Após ter braço amputado, passista comemora retorno ao samba: "Pensei que tinha acabado"
Alessandra Silva, de 36 anos, chegou no hospital para retirar miomas e voltou para casa sem útero e com um braço amputado
A passista Alessandra Silva, de 36 anos, da Acadêmicos do Grande Rio, foi internada em fevereiro do ano passado para retirar miomas e, além de voltar para casa sem o útero, ela também teve um braço amputado. Assim, ela se tornou uma pessoa com deficiência.
Após os procedimentos, a trancista se viu sem trabalho, uma vez que precisava dos braços para trabalhar, e sem o samba, pois não se imaginava dançando com um braço amputado. No quarto do hospital Souza Aguiar, Alessandra pensou em pular do prédio.
"Pensei: ‘Se eu rolar para lá, só vão ver quando eu cair’. Mas aí, Deus me deu uma resposta na hora. Entrou uma faxineira e falou: ‘Tá fazendo o que aí? Eu sei o que você está pensando. Pode descer daí agora’. Eu ia pular, mas ela me acolheu e me colocou para ouvir um louvor, me deu um estalo e resolvi lutar", relembrou em entrevista ao gshow.
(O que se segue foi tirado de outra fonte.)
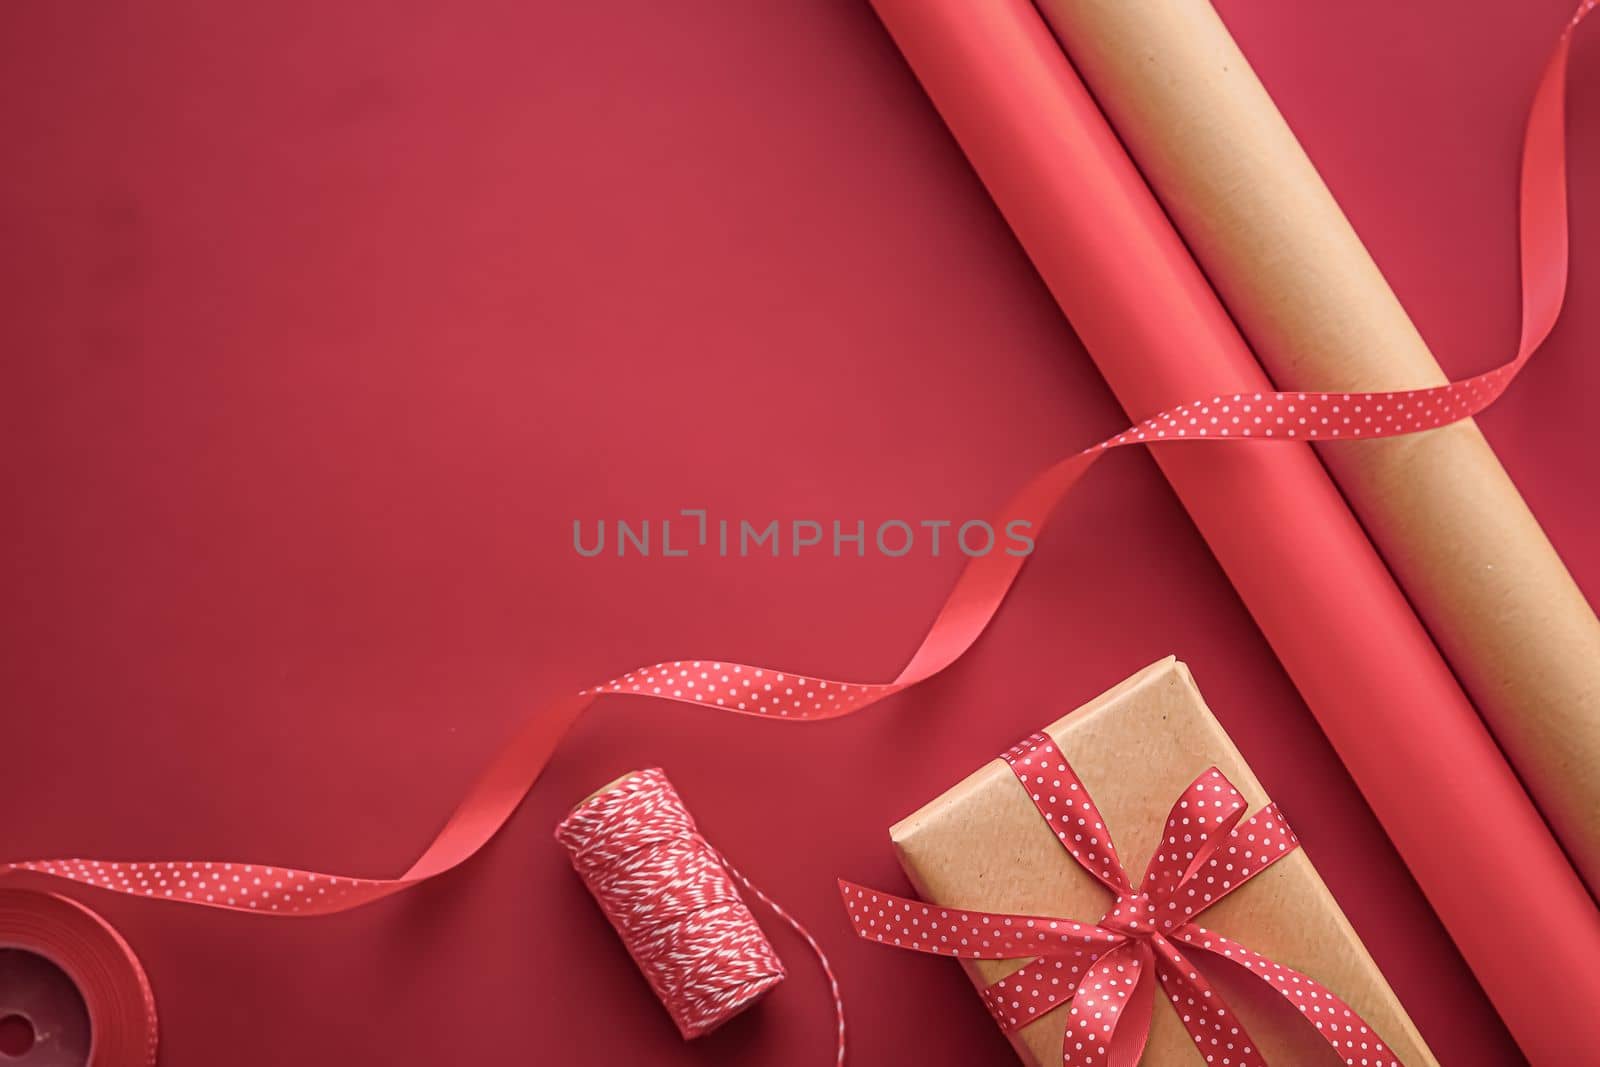 Gifts preparation, birthday and holidays gift giving, craft paper and ribbons for gift boxes on coral background as wrapping tools and decorations, diy presents as holiday flat lay design by Anneleven

Alessandra terminou o noivado de 13 anos com o sargento da Aeronáutica Alessandro França Dias. "A ideia de ter filho, família, acabou. Meu trabalho acabou, e pensei que meu samba também tinha acabado, mas foi ele que me salvou", contou.
A mãe da passista, Ana Maria, de 64 anos, encorajou a filha a voltar para o samba e, certo dia, ela foi à quadra da Grande Rio para assistir o ensaio da escola. Alessandra foi convidada pelo mestre de bateria, Fafá, para sambar no lugar da rainha de bateria Paolla Oliveira.
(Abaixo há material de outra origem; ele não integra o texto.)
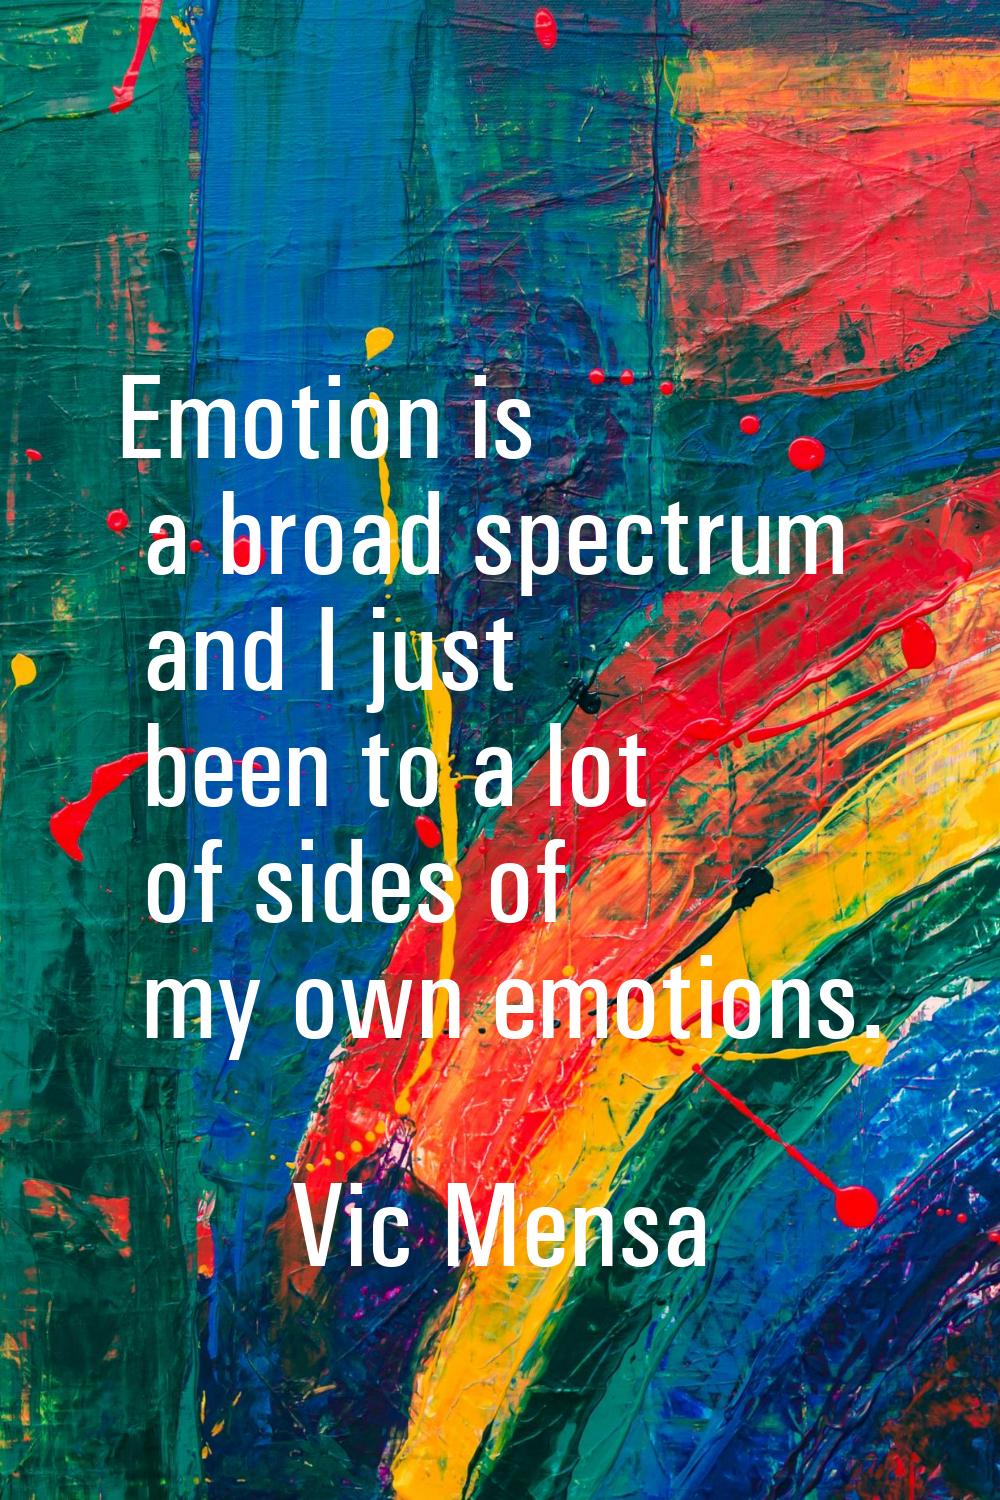 Emotion is a broad spectrum and I just been to a lot of sides of my own emotions.

"O coração acelerou e pensei: ‘Eu tô viva! Estou sambando! Não posso desistir, não", disse ao gshow.
De volta ao samba
Alessandra contou que no começo foi difícil por causa do braço, ela não conseguia se equilibrar e o corpo tombava para o lado direito. "O peso do corpo fica uma coisa impressionante e com as plataformas é ainda mais difícil. Mas fui melhorando e percebi que era importante alinhar o ombro e ficar controlando", disse.
A passista ganhou da diretoria da Grande Rio uma prótese para o braço amputado. Ainda em fase de testes, Alessandra começará a usar a prótese em breve, mas não será no Carnaval. Ela tem medo que a chuva danifique o acessório.
"Quando vi o braço levantando, a mão fazendo assim (mexe os dedos da mão direita) eu disse: ‘'Meu Deus! Eu vou poder me olhar no espelho!’ Fui para a internet comprar manguinhas com tatuagem e penso em colocar unhas de acrigel nos dedinhos (risos). A intensidade do braço mecânico é igual a da outra mão", contou.
Ela retomou o relacionamento com o noivo e, ao lado dele, saiu na rua pela primeira vez com o braço amputado. Alessandra contou que duas mulheres riram da situação dela em um bar e decidiu ir até elas. "Falei que estava ali para agradecer porque era por causa de pessoas como elas que me levantava todos os dias para lutar e correr atrás dos meus sonhos. Pessoas como elas me dão munição para levantar e sobreviver. Ainda avisei que tinham duas cervejas pagas para as duas e fui embora", disse ao gshow.
Atualmente, Alessandra conversa com outras pessoas com deficiência para trocar experiências. "Tenho que agradecer a Deus todo dia por ter me deixado as pernas para continuar fazendo o que eu gosto, que é sambar. Também nunca perdi a fé, que me salvou em vários momentos. Agradeço muito pela minha mãe que falava para mim: ‘Minha filha, levanta! Não desiste, não perde seu sorriso lindo que a gente ama ver'", afirmou.
A trancista ainda falou do seu sonho de ser mãe. "Meu sonho era ter um barrigão e a criança já ia nascer com roupa de passista! Mas aconteceu esse desastre todo e as pessoas diziam que eu podia adotar. Resisti um pouco, mas agora eu quero", contou.
"Vou adotar uma pretinha com o cabelo igual ao meu e colocar um monte de laço, vai ser a coisa mais linda do mundo", finalizou ela.
Alessandra Silva
Moradora de Duque de Caxias, na Baixada Fluminense, Alessandra trabalha como trancista há quase 20 anos. Apaixonada por samba e pela Acadêmicos do Grande Rio, ela começou a desfilar pela escola aos 19 anos de idade.
O último Carnaval que participou foi o de 2022, no qual a Grande Rio ganhou pela primeira vez o Carnaval do Rio. Na ocasião, a escola apresentou um enredo sobre o orixá Exu.